**TASK REQUIREMENTS**
What is needed here is an exact repetition of the records below, beginning at the line that has "Pakistan, Birleşik Arap" and stopping after the line that has "Bama Football. Crimson".

**TASK DATA**
◆ ◆ ◆ ◆

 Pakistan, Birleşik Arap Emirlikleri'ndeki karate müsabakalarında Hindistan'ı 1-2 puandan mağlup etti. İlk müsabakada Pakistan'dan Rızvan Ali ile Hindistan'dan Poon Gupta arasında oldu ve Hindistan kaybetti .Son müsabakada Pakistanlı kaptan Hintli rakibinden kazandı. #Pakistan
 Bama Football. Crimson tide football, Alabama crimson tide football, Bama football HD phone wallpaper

◆ ◆ ◆ ◆

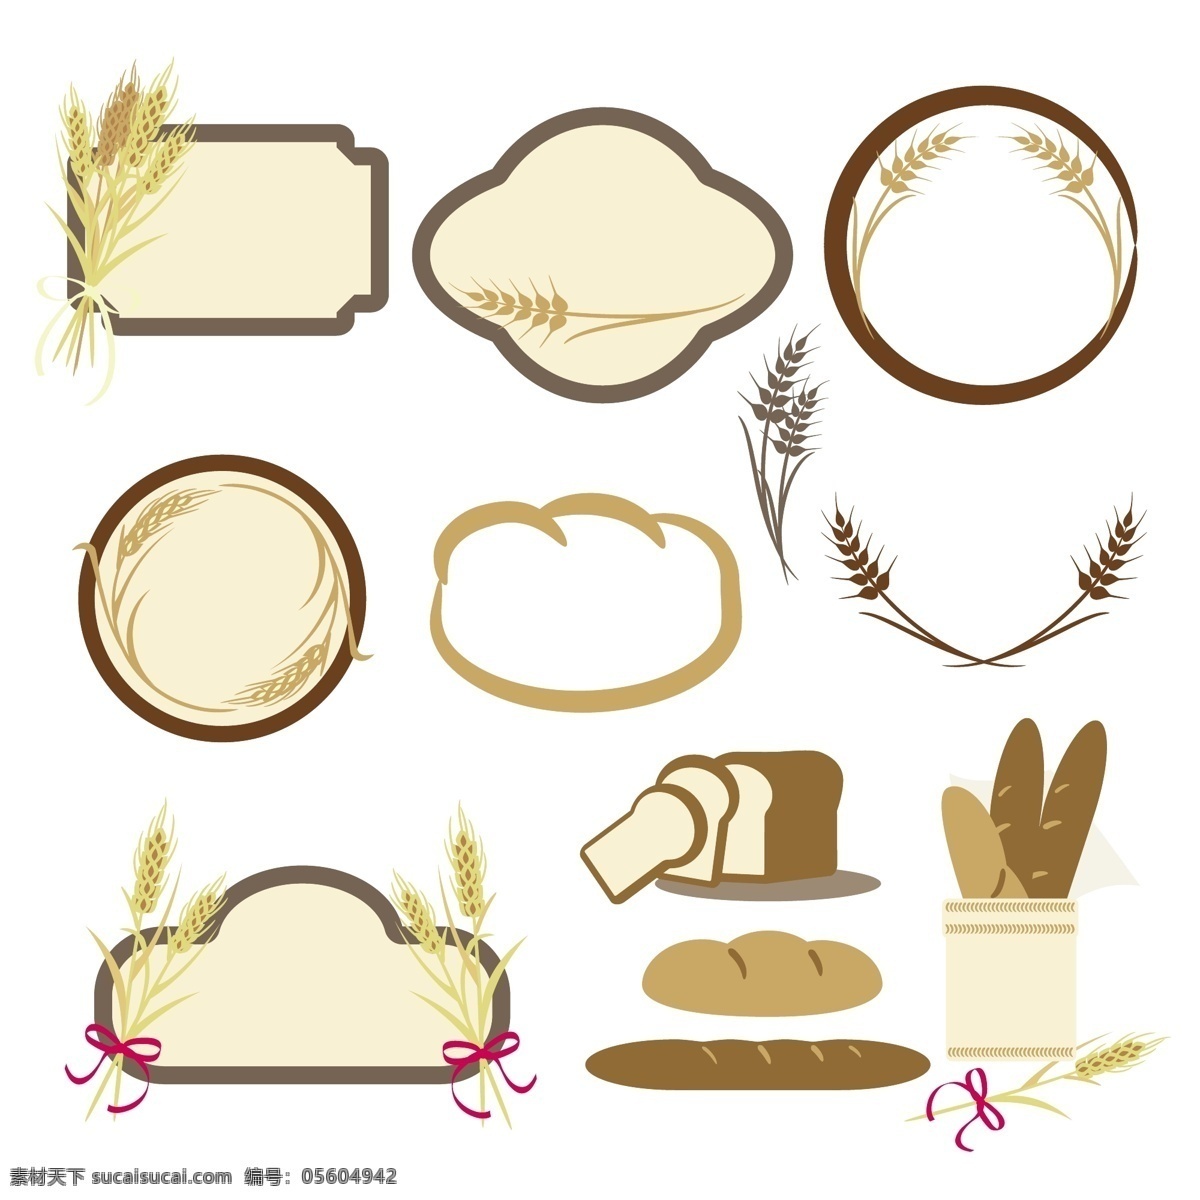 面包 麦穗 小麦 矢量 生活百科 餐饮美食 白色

◆ ◆ ◆ ◆

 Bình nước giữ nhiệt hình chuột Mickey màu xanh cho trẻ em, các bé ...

◆ ◆ ◆ ◆

**SOLUTION TO THE EXERCISE**
 Pakistan, Birleşik Arap Emirlikleri'ndeki karate müsabakalarında Hindistan'ı 1-2 puandan mağlup etti. İlk müsabakada Pakistan'dan Rızvan Ali ile Hindistan'dan Poon Gupta arasında oldu ve Hindistan kaybetti .Son müsabakada Pakistanlı kaptan Hintli rakibinden kazandı. #Pakistan
 Bama Football. Crimson tide football, Alabama crimson tide football, Bama football HD phone wallpaper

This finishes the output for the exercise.